Did Greek “Anarchist” Agents Provocateurs Torch Police?

Kurt Nimmo
Infowars
September 12, 2008

It looks like government agents provocateurs are out in force in Greece, attempting to discredit legitimate protesters outraged over the murder of 15-year-old Alexandros Grigoropoulos by the police.  

The demonstrations quickly transcended the murder and now encompass the plight of average Greek citizens as they endure economic hardship under the reign of PM Costas Karamanlis, a globalist stooge who has brought “privatization” and “structural reforms” to the country, in other words allowed the banksters to loot Greece. “The new generation of privatizations will accelerate growth and improve state revenues,” Karamanlis declared in 2006. In fact, this “new generation” of thievery has resulted in the current crisis. 

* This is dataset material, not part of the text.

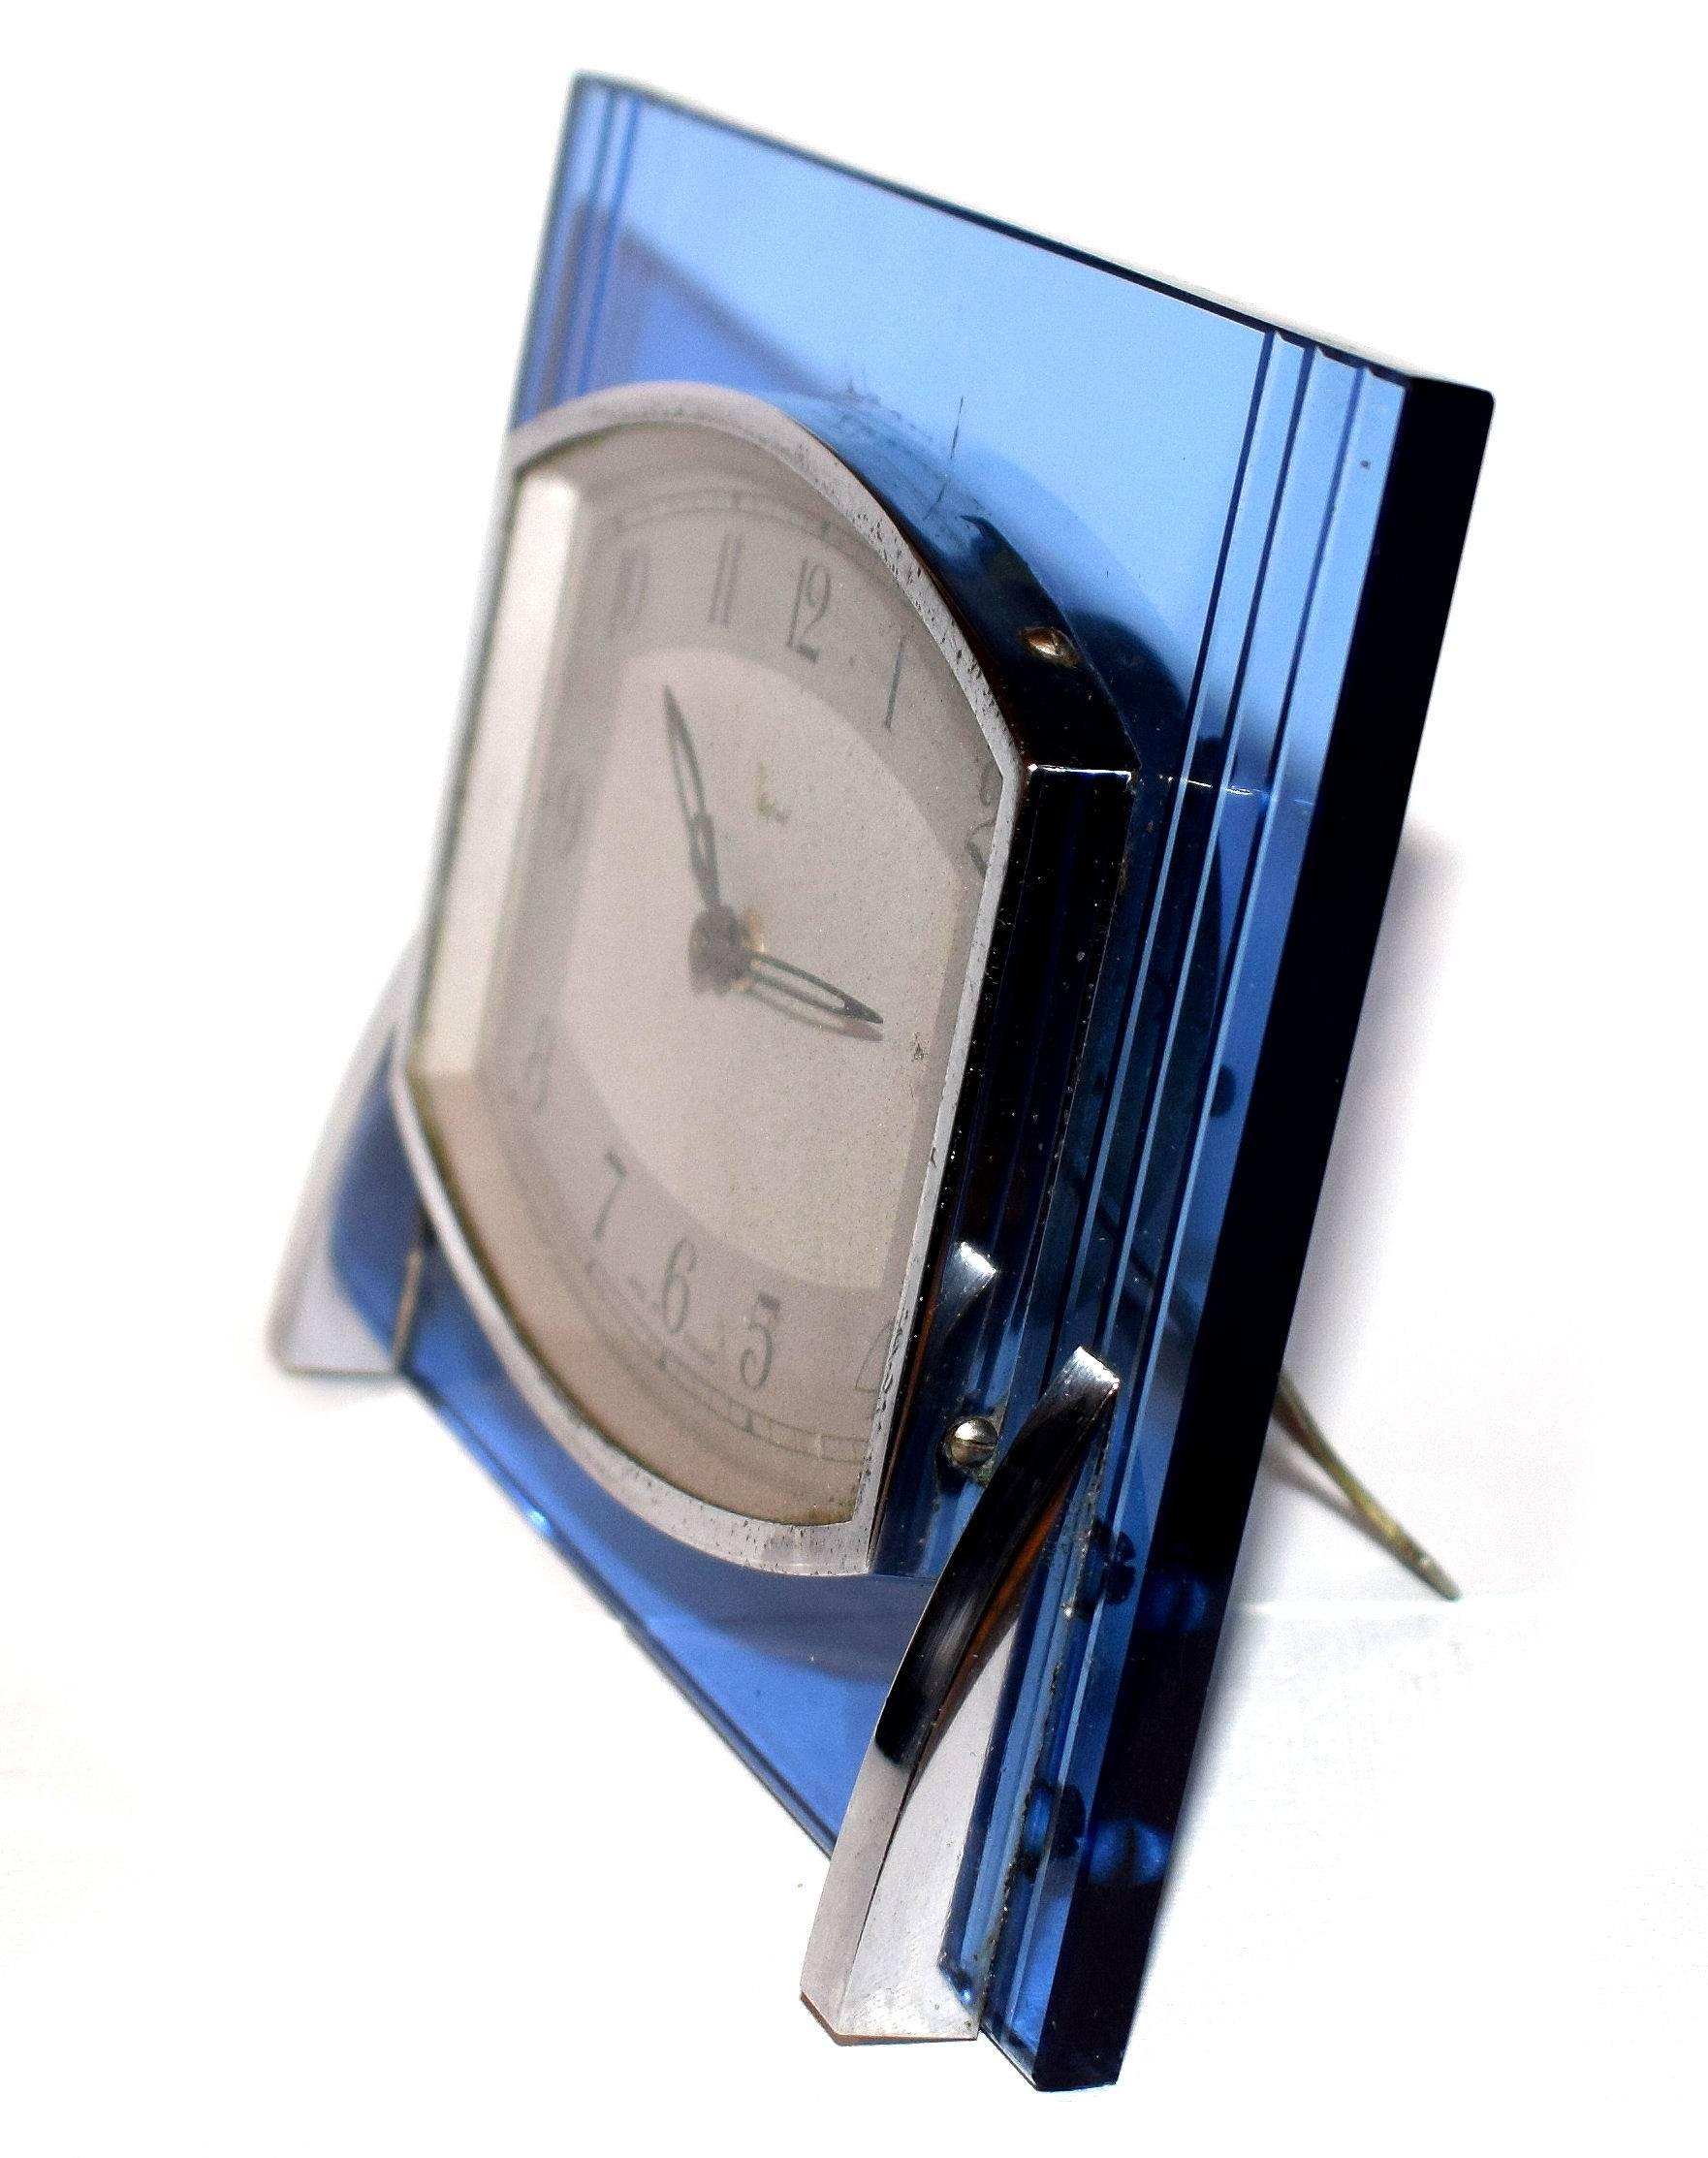 Élégante horloge anglaise des années 1930 en verre bleu avec des accents chromés par Enfield. Taille idéale pour un usage moderne, une cheminée ou un bureau. Il possède un chevalet en métal à l'arrière pour se tenir debout. Nous avons fait réviser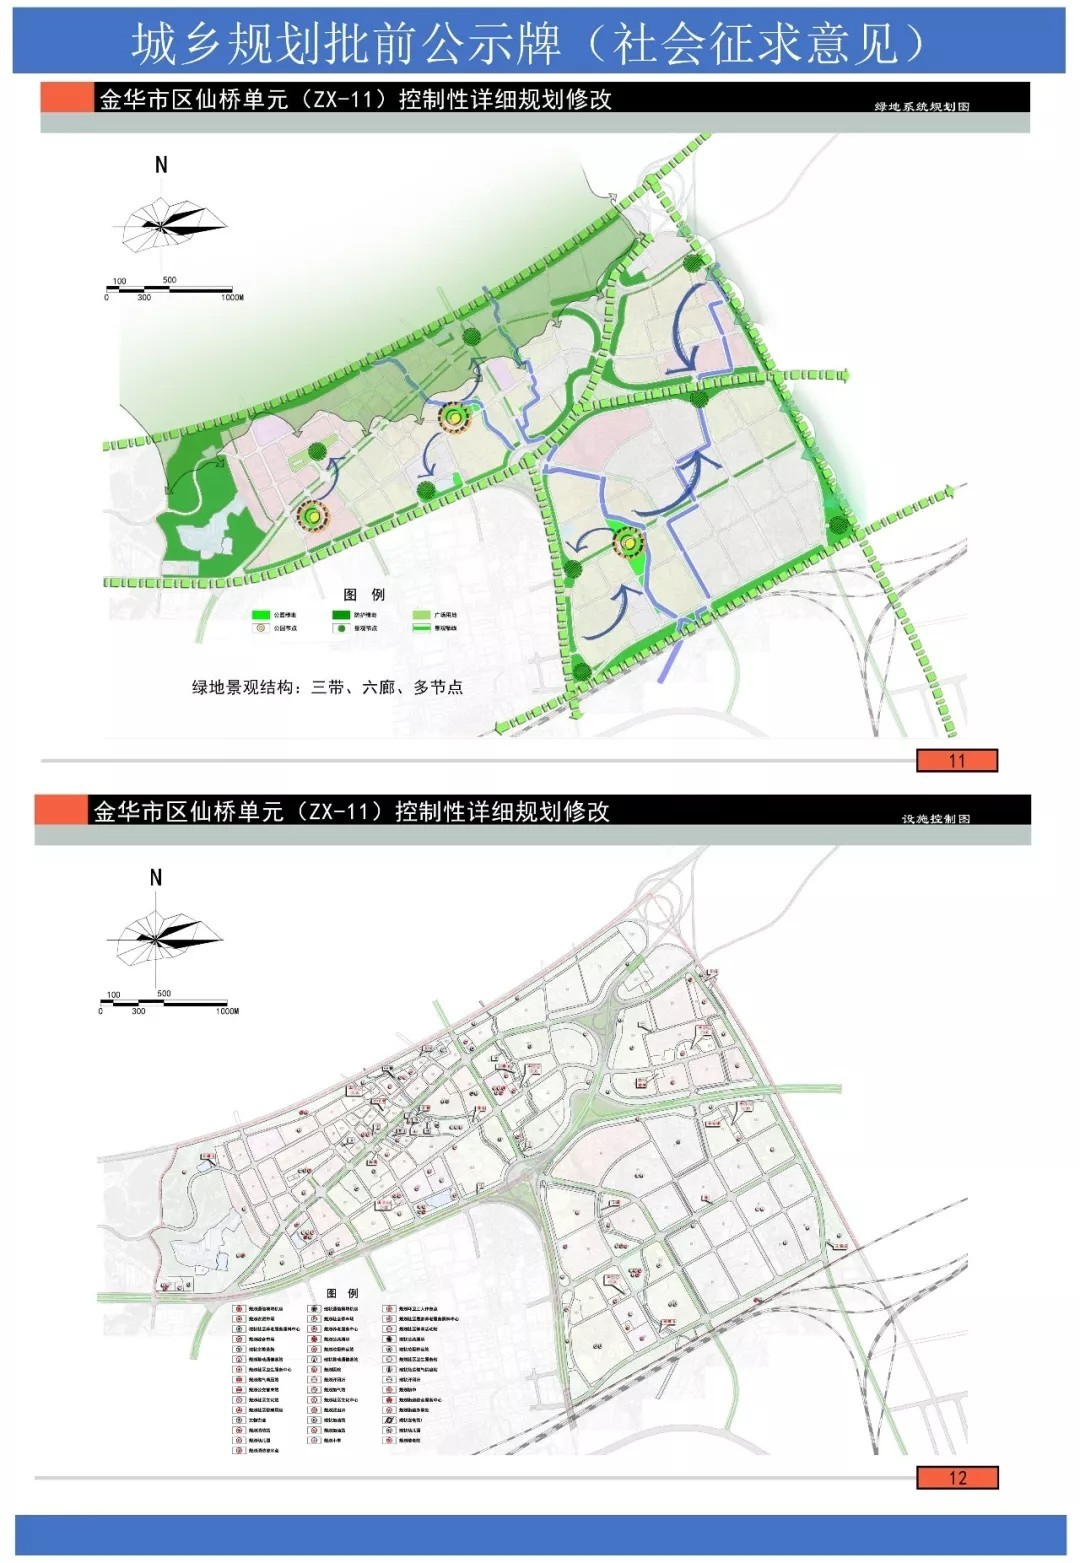 金华东仙桥区块迎来大开发,规划局发布规划修改草案公告

Karamanlis has rejected calls to step down and hold early elections and insists the country needs his “steady hand” to deal with the financial crisis engineered by the international bankers. “There should be no confusion between the emotions felt by young students over the tragic death of a colleague … and this destructive mania,” Karamanlis told the Associated Press. He quickly ran off to Brussels to consult his globalist masters after the demonstrations threatened his rule at the behest of the international elite.

It is no mistake this “destructive mania” has spiraled out of control. As the Pentagon’s Field Manual FM 30-31B states, the most dangerous moment arrives when political activists “renounce the use of force” and embrace the democratic process. It is precisely at this moment that “U.S. army intelligence must have the means of launching special operations which will convince Host Country Governments and public opinion of the reality of the insurgent danger,” that is to say the danger of non-violent democratic action. 


In Italy, this strategy worked perfectly under Operation Gladio, the CIA and NATO effort to sow violence and blame it on communists and socialists. “Many members of Operation Gladio were also in a shadowy organization known as P-2,” writes Mark Zepezauer, “it too was financed by the CIA…. One of P-2’s specialties was the art of provocation. Leftist organizations like the Red Brigades were infiltrated, financed and / or created, and the resulting acts of terrorism, like the assassination of Italy’s premier in 1978 and the bombing of the railway station in Bologna in 1980, were blamed on the left. The goal of this ’strategy of tension’ was to convince Italian voters that the left was violent and dangerous – by helping make it so.” 

Is it possible the Greek government is employing this very “strategy of tension” to discredit the growing calls for new elections and the ouster of the bankster stooge, Karamanlis? 

Obviously, torching police and attacking banks along Athens’ central Syntagma Square will only prompt the government to send out shock troops to deal with the “anarchists” who have stolen the momentum of the demonstrations from the people. “One protester walked up to the Tomb of the Unknown Soldier outside Parliament and threw a black-and-red anarchist flag at it,” reports the Associated Press. It is no mistake the corporate media is concentrating on this provocateur “anarchist” element, likely dispatched to discredit the opposition. No doubt sensational photographs of supposed anarchists throwing Molotov cocktails at cops will help in this effort.